◆ Task instructions: For every line in the material, output its text exactly and exclude any image it holds.

◆ Source data:
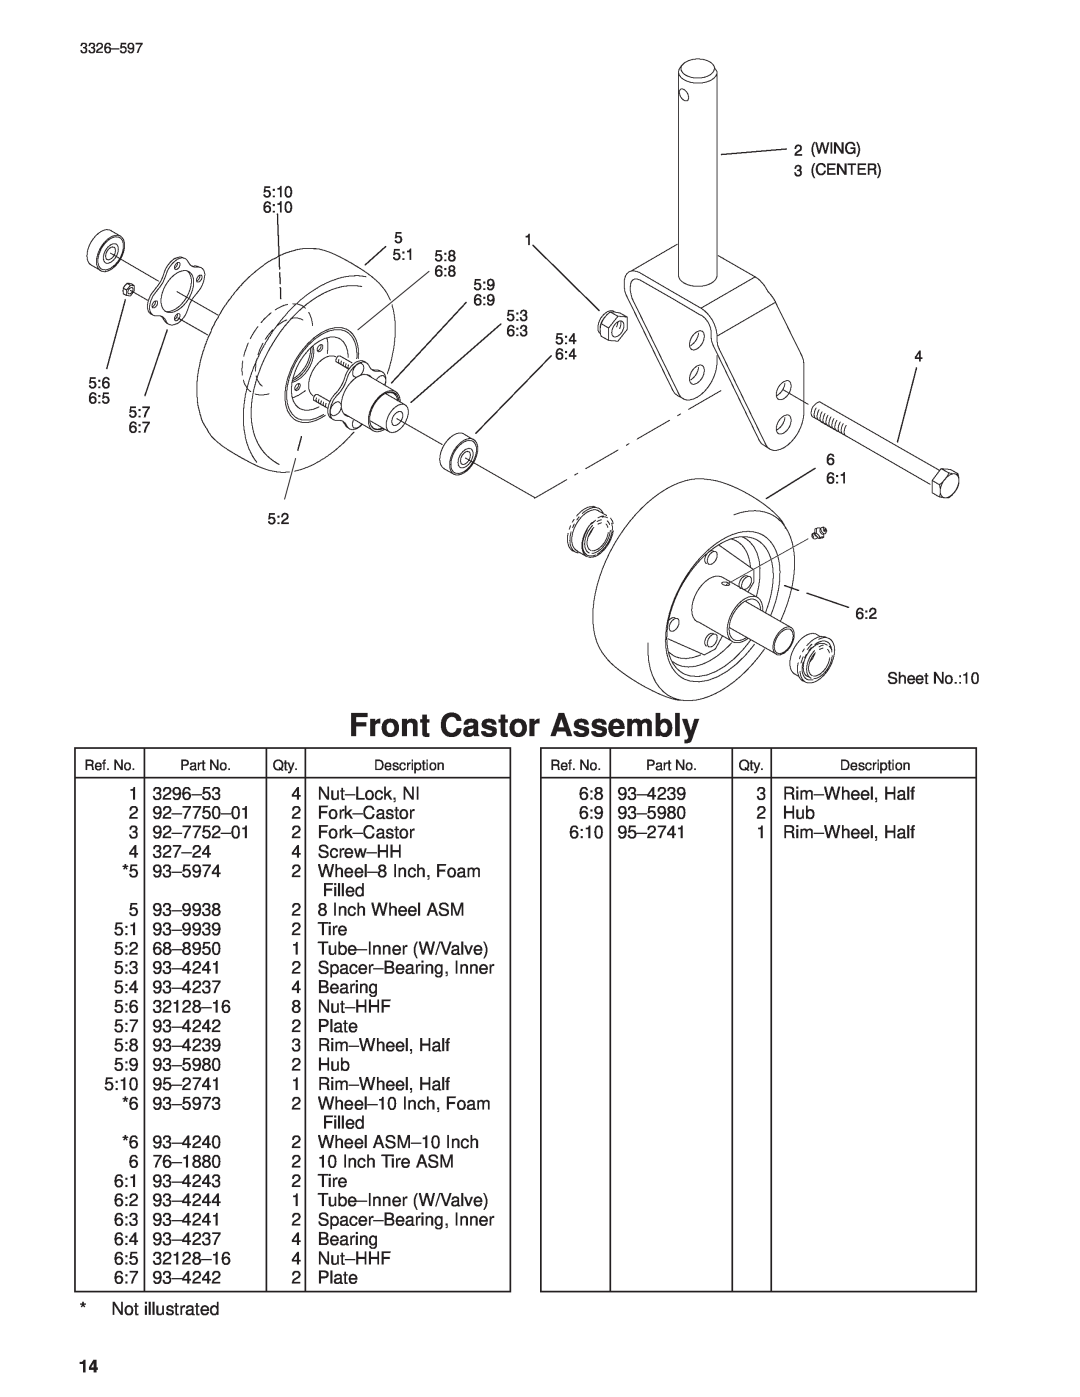 Toro 30402210000001 and Up manual Front Castor Assembly, Sheet No.10 
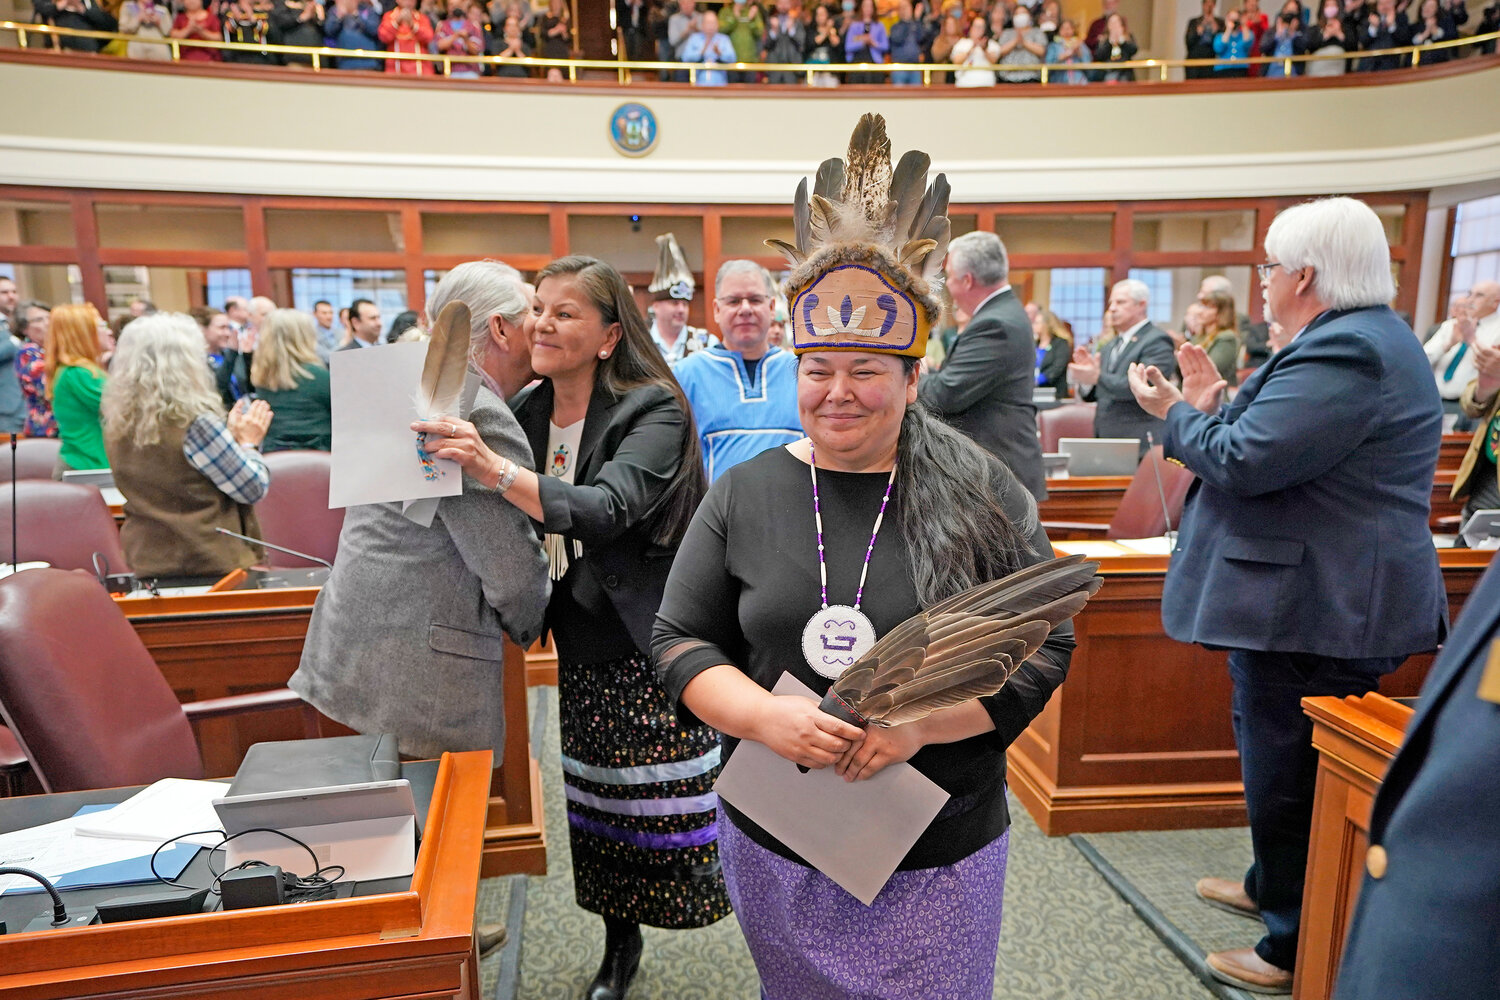 Clarissa Sabattis, Chief of the Houlton Band of Maliseets, foreground, and other leaders of Maine’s tribes are welcomed by lawmakers into the House Chamber, Wednesday, March 16, at the State House in Augusta, Maine.
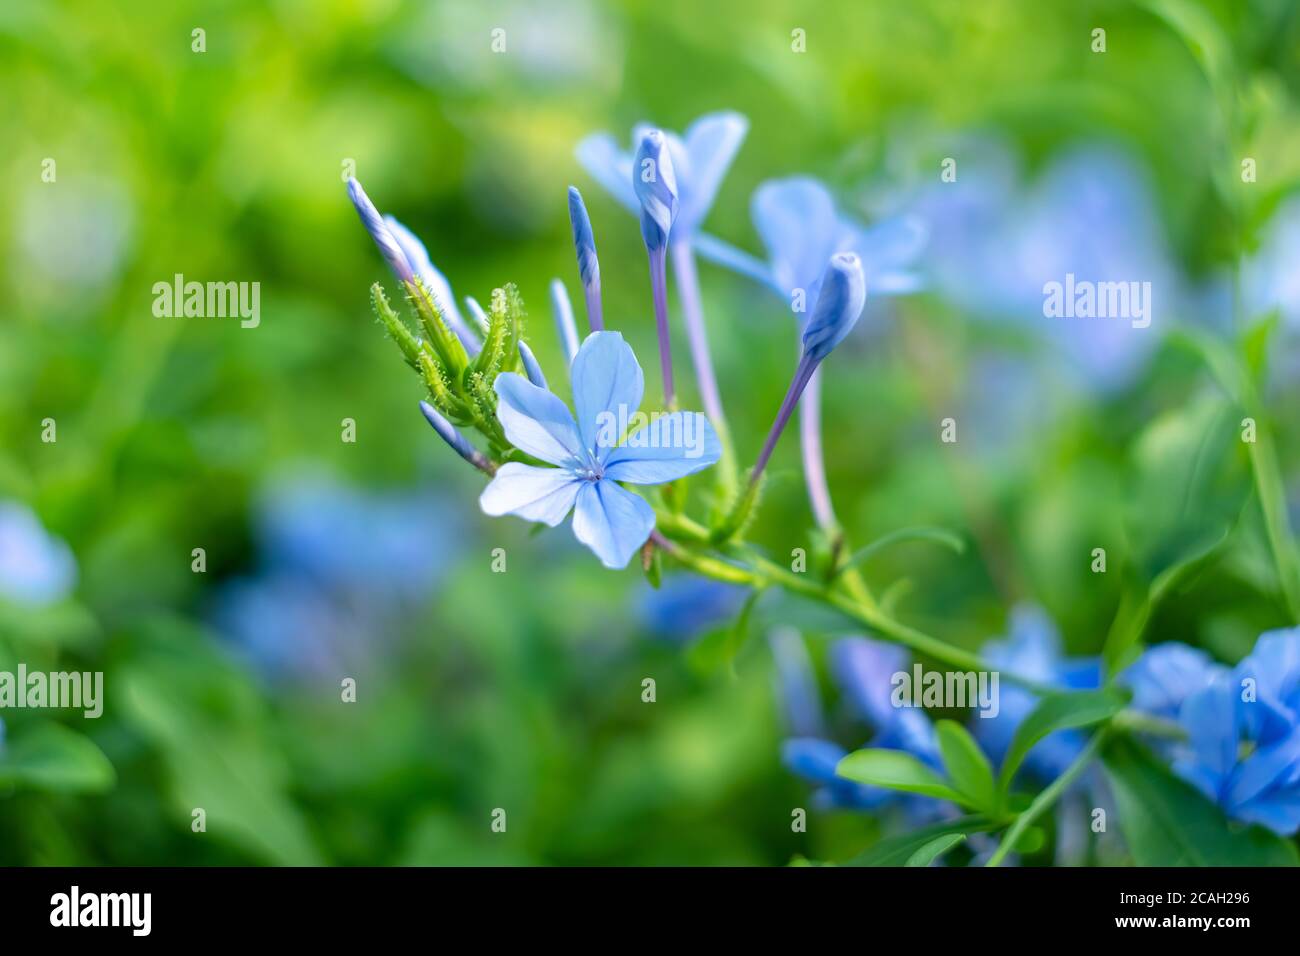 Blue periwinkle on a summer day, bright flowers in the garden. Floral wallpaper, nature backgrounds. Vinca plant in the open field, littorina growth. Stock Photo

◆ Exercise response:
 Toro 30402210000001 and Up manual Front Castor Assembly, Sheet No.10 
 Clarissa Sabattis, Chief of the Houlton Band of Maliseets, foreground, and other leaders of Maine’s tribes are welcomed by lawmakers into the House Chamber, Wednesday, March 16, at the State House in Augusta, Maine.
 Blue periwinkle on a summer day, bright flowers in the garden. Floral wallpaper, nature backgrounds. Vinca plant in the open field, littorina growth. Stock Photo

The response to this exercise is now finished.